# Describe yourself.



## Judis (Jul 28, 2013)

You have two words to describe yourself, what are they ?
Seriously, you can pick any two words as long as they describe you !
If you are having problems with deciding on which words describe you then you can go up to "3" words,
but I`d prefer it if you use only two words.

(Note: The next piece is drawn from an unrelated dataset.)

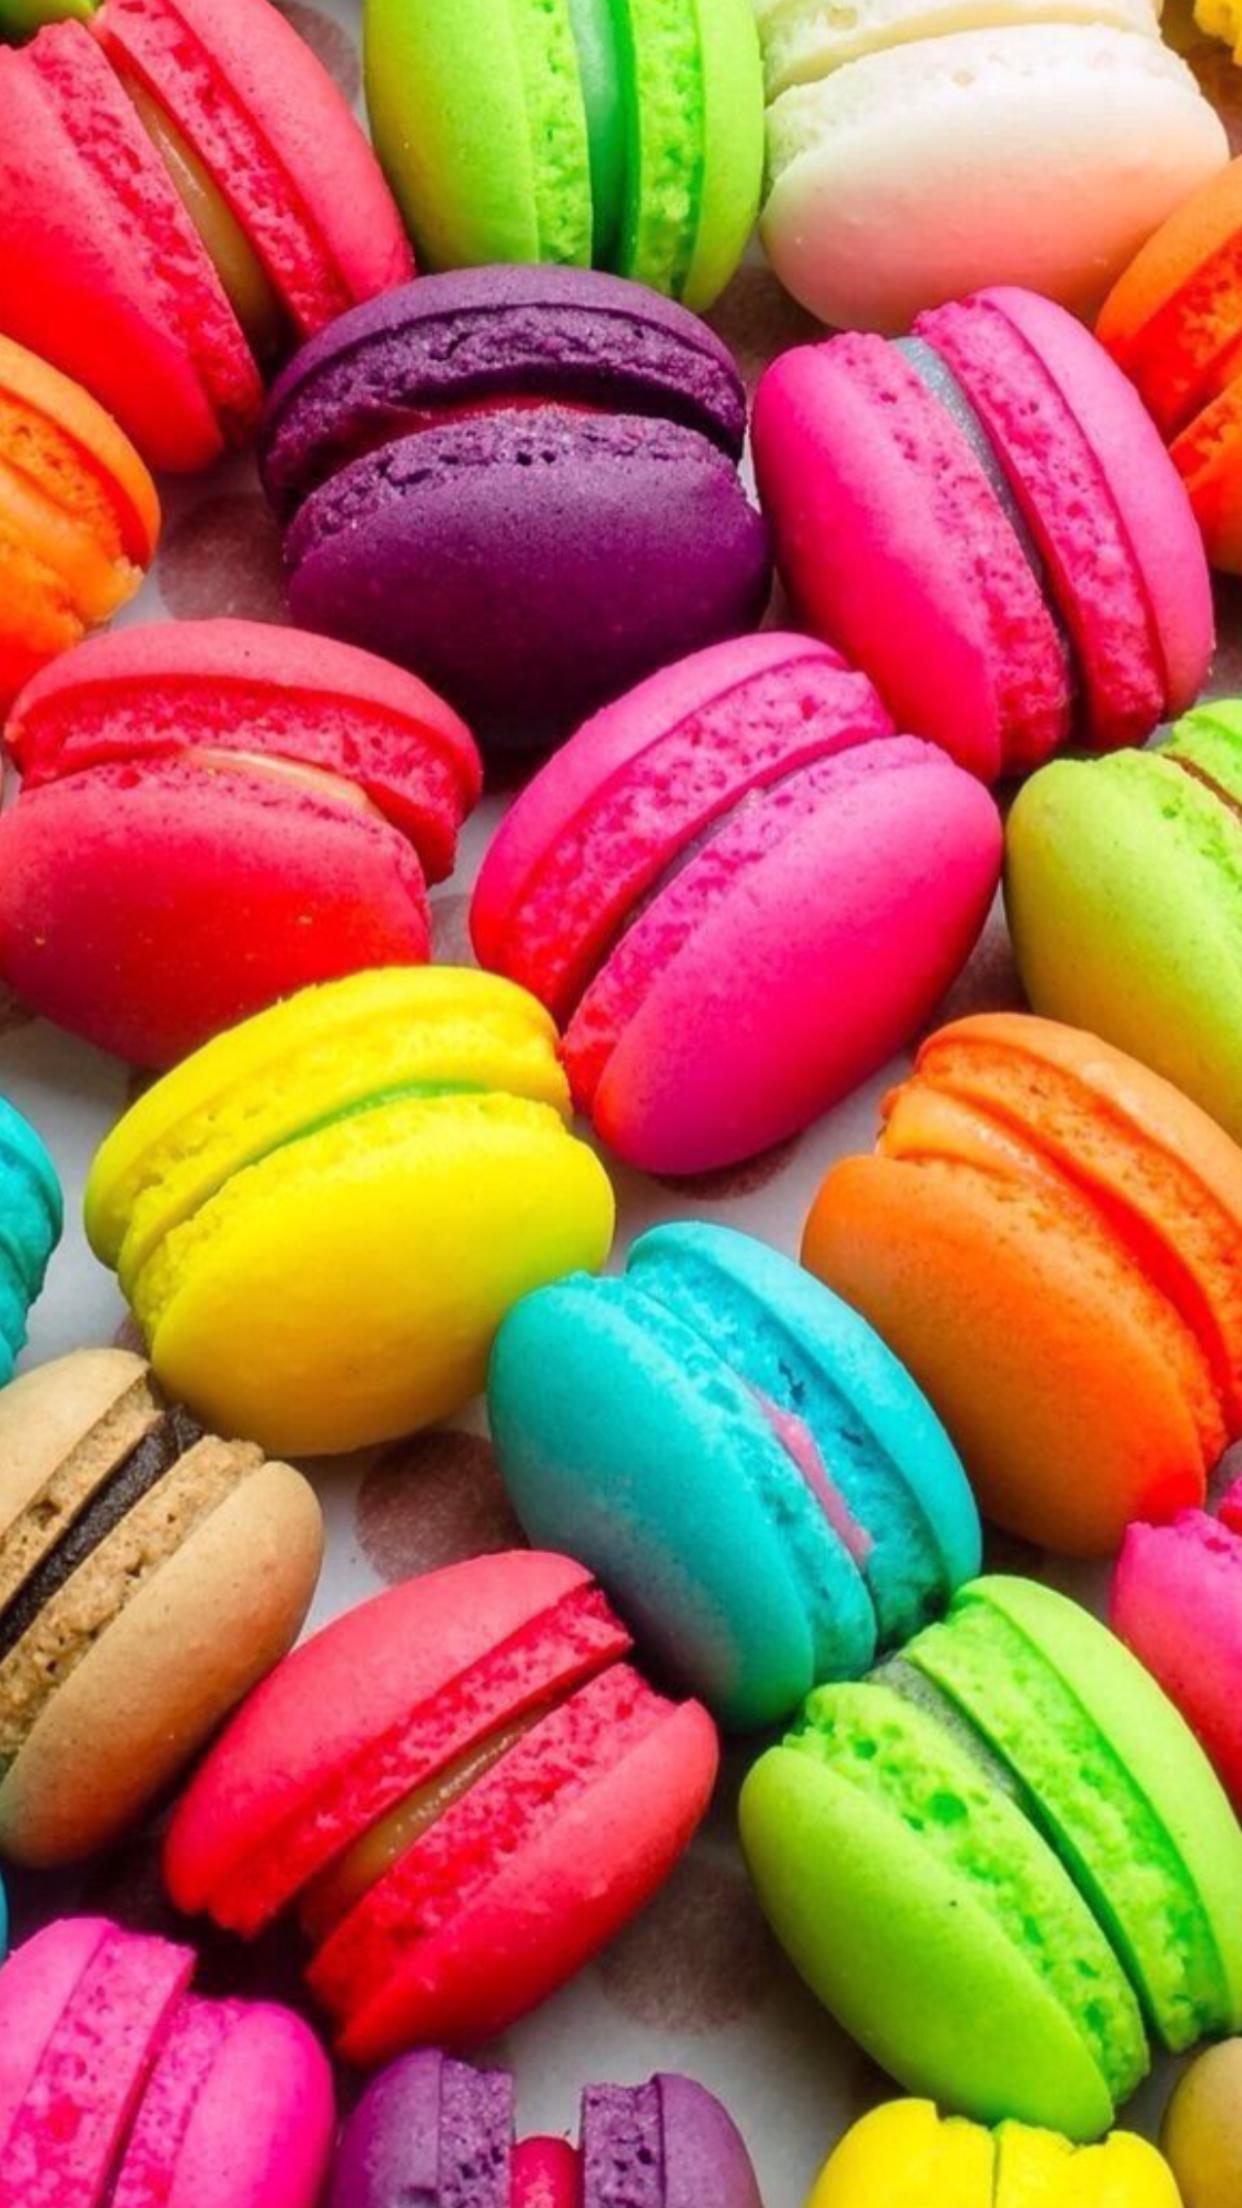 Pin De Meagan Fulmer Em Macarons Doces Coloridos Macaroons Imagem De Fundo Para Iphone
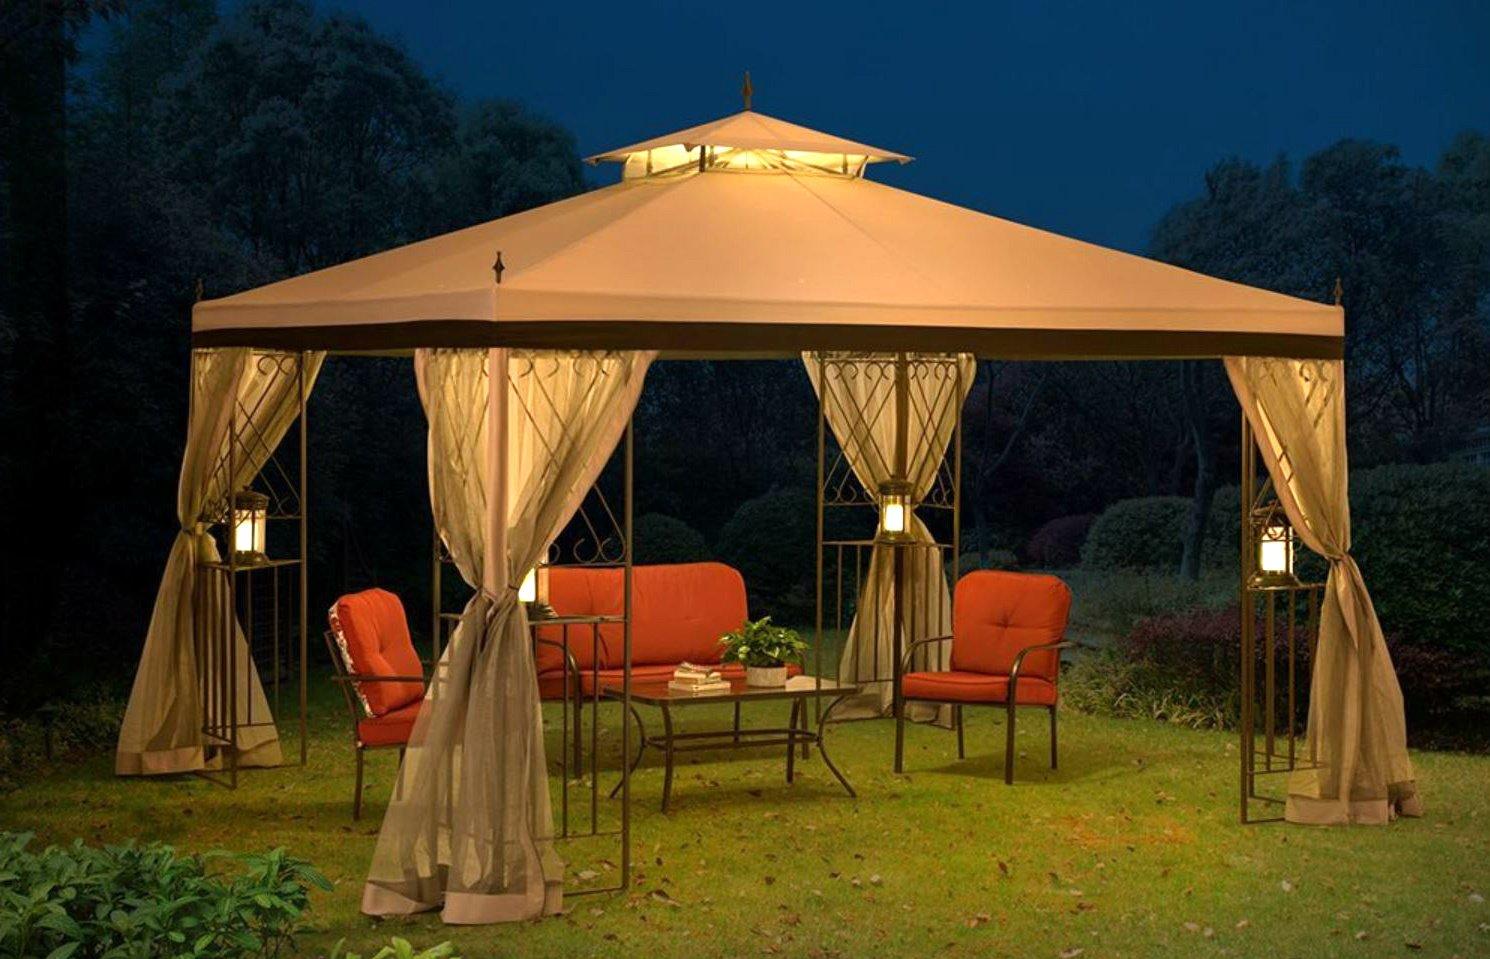 10x12 Gazebo Canopy Outdoor Patio Garden Backyard Dining Pergola Steel Frame Soft Top with Netting by PatioJoy

P.S. If you only want to use one word to describe yourself I won't mind,
as long as this word best describes you.


----------



## PaladinX (Feb 20, 2013)

Unbound
Dynamic


----------



## Kysinor (Mar 19, 2009)

Clean
Rhetorical 

Why? I'm pure and good and clean and all that and I do not doubt my ability at being expressive (it is quite good in my own opinion).


----------



## aphinion (Apr 30, 2013)

Eccentric 
Controlling


----------



## RandomNote (Apr 10, 2013)

Nothing special.


----------



## Judis (Jul 28, 2013)

RandomNote said:


> Nothing special.


I think that would be either "Mundane" or "Humility".


----------



## zynthaxx (Aug 12, 2009)

Not very good at following rules I don't see the point in. :ninja:


----------



## Judis (Jul 28, 2013)

zynthaxx said:


> Not very good at following rules I don't see the point in. :ninja:


Tell me which rules you don't like and tell me what your idea to improve on it is.


----------



## Whippit (Jun 15, 2012)

Self-descriptive 
Liar


----------



## Cosmic Hobo (Feb 7, 2013)

"Scarily intelligent" (according to others)

Me:
Giddily clever


----------



## DevilishGrin (May 15, 2013)

Independent
sarcastic


----------



## Cosmic Hobo (Feb 7, 2013)

Although I prefer "hyperbolical fiend".


----------



## tangosthenes (Oct 29, 2011)

Doubting
Forgetful


----------



## Judis (Jul 28, 2013)

Retarded Geneious.


----------



## .59198 (May 26, 2013)

Just two very simple words:
Weird.
Crazy.


----------



## owlet (May 7, 2010)

Creative.
Disappointed.


----------



## Sparkling (Jul 12, 2013)

driven 
struggling


----------



## Jetsune Lobos (Apr 23, 2012)

Keenly unaware.


----------



## LoveAshley (Mar 31, 2013)

Creative
Expressive


----------



## Glurp (Jul 6, 2013)

Clam chowder


----------